I was going to write a paper for my feminist philosophies class on “What is a Woman?” but I don’t know if I’ll really have the time to go into that topic as in-depth as I would like. It’s a near-impossible task, probably.
For Friday’s Feminist Philosophies class, we read about Postmodern Feminism in Rosemarie Putman Tong’s Feminist Thought: A More Comprehensive Introduction. Tong writes that
Postmodern feminists, like all postmodernists, seek to avoid in their writings any and all reinstantiations of phallogocentric thought, ideas ordered around an absolute word (logos) that is “male” in style (hence the reference to the phallus). Thus, they view with suspicion any mode of feminist thought that aims to provide the explanation for why woman is oppressed or the ten steps all women must take to achieve liberation. (193)
During our graduate section, my teacher critiqued postmodernism quite harshly as philosophically unsound on two basic premises: 1) they are claiming to not do theory because it is phallogocentric, but in reality, if they are explaining things, then it is theory; and 2) they claim that language creates society, but if our language is phallogocentric, we can’t get out of it — we can’t just create a new language.
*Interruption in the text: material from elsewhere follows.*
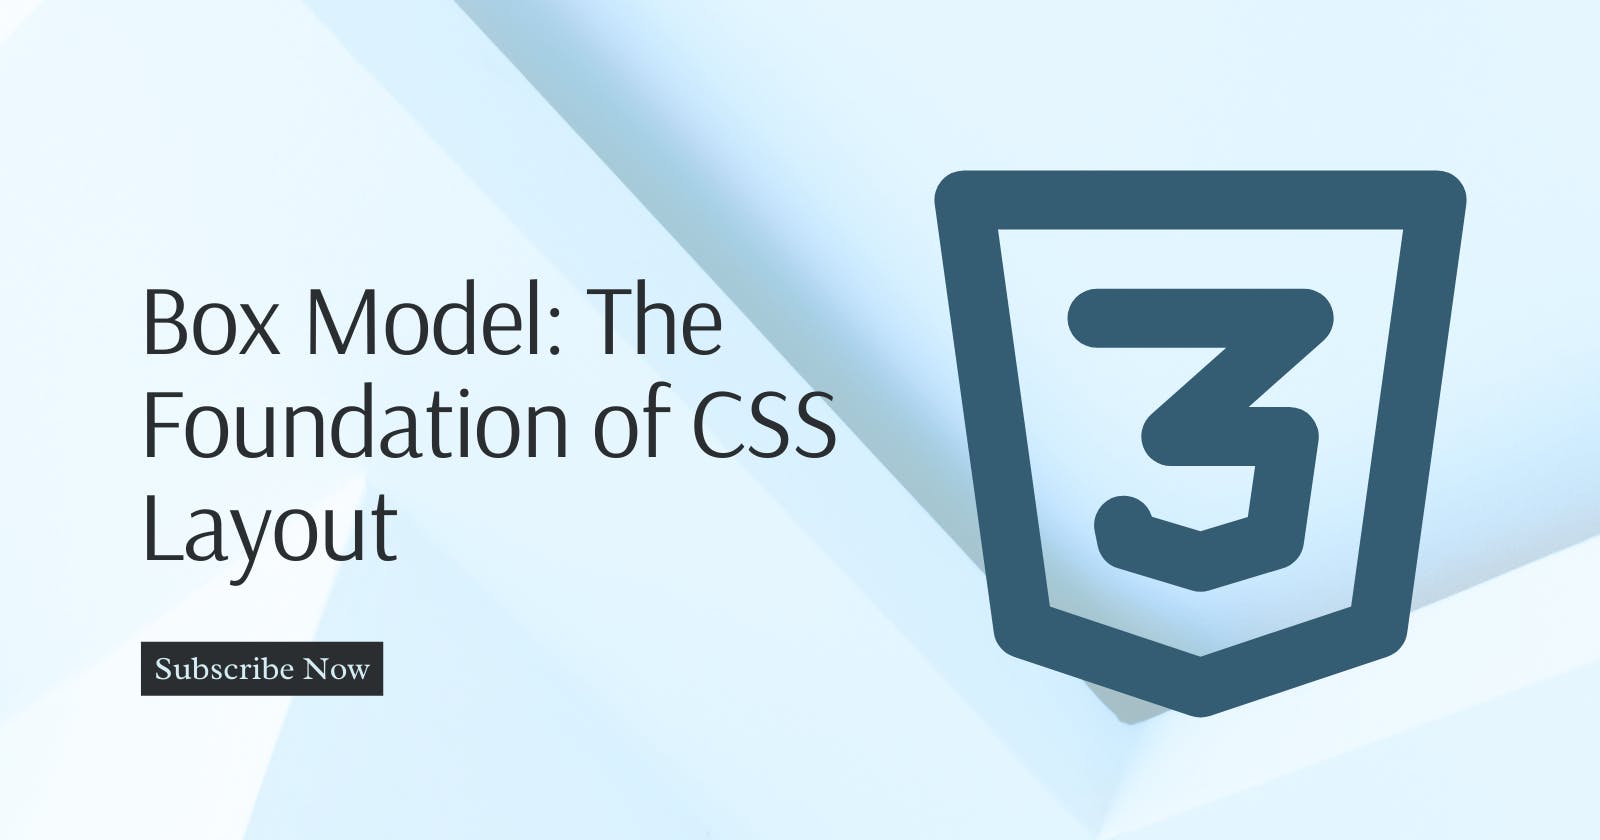 Box Model: Understanding the Foundation of CSS Layout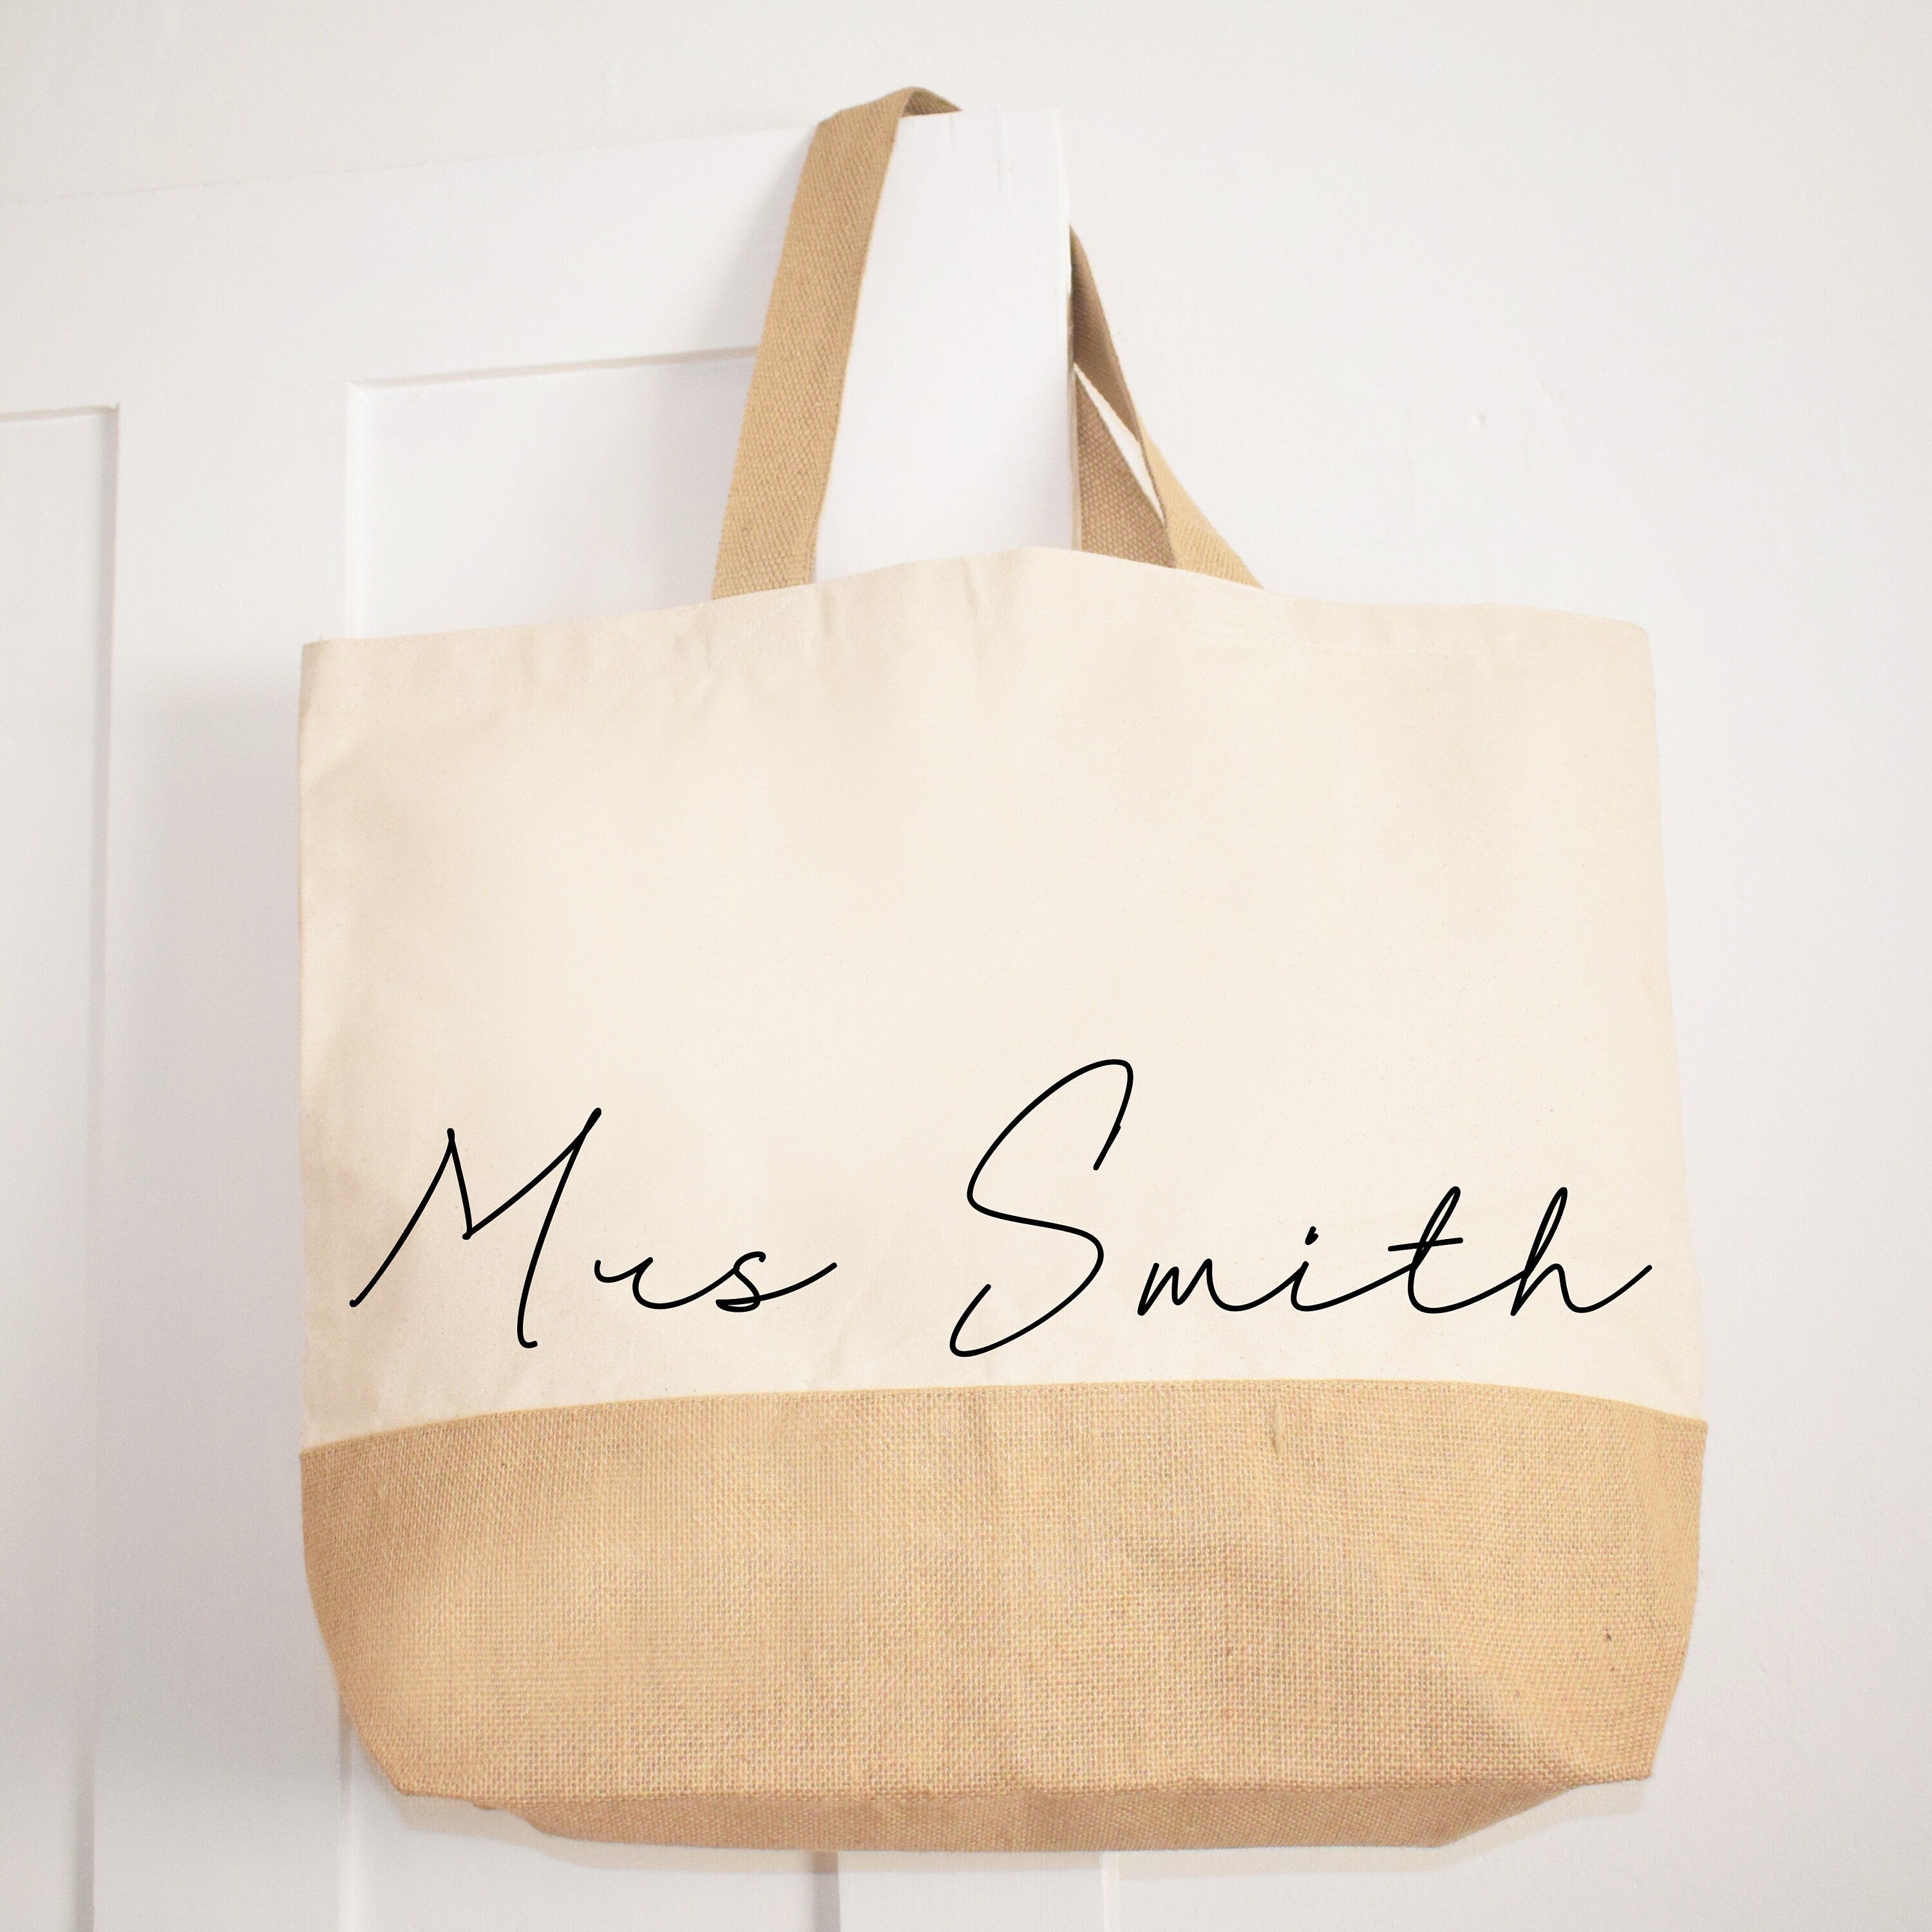 Personalised Handwritten type Jute base Canvas Oversized Tote Shopping and Beach Bag, holiday and travel bag, Market shoulder Bag

Now that I’ve had time to think about it and review the chapter, I don’t think that postmodern feminists are claiming that they aren’t doing theory, but rather that they aren’t going to try to come up with a totalizing theory; they refuse “to develop one overarching explanation and solution for women’s oppression” (193).
Additionally, I’m not sure if I really care for Tong’s discussion of postmodern feminism. She never really gives a good description of what postmodernism is, I think (not that I really have one either). She also only discusses Hélene Cixous, Luce Irigaray, and Julia Kristeva (in addition to Lacan, Derrida, and de Beauvoir). I was somewhat shocked that Judith Butler (and Foucault) didn’t make it into the chapter.
My teacher (and some classmates agree) that postmodern feminism doesn’t offer much practical use. They agree with critics that it is too esoteric and meant for a small audience, that it can be read as essentialist (though arguably, so can all feminist theory), and that it is too wrapped up in play.
I thought I’d do some preliminary research for a possible paper topic on postmodern feminism and its applicability in our material conditions (i.e., how can we use this stuff). Part of this is perhaps that I am enamored with postmodernism and want to defend it, but I think it is also that I want to understand this theory better, and to get a better grasp of it for myself (after all, if postmodernism is passé and bunk, as my philosophy teacher might have it, then perhaps I shouldn’t be so enthusiastic about it).
So, like all college students (and now professors too!) I went to Wikipedia. Wikipedia explains that postmodern feminism’s “largest departure from other branches of feminism, is the argument sex is itself constructed through language” (emphasis added). The article is limited, and in need of an expert (perhaps by the end of the term, I could do that?), so it only offers up two postmodern feminists: Judith Butler and someone new to me: Mary Joe Frug.
I’ve already found some journal articles online, but I think they’ll have to wait until I’m done with a few other papers that are due next week.
Hi! I was looking for some new topics to ponder on gender construction and I was directed to your site…I started checking around, and what a collection of thoughts you have on things I feel greatly about! Thanks for keeping all of this in order, I wish I would have thought to do this at the start of my college career, especially in philosophy classes.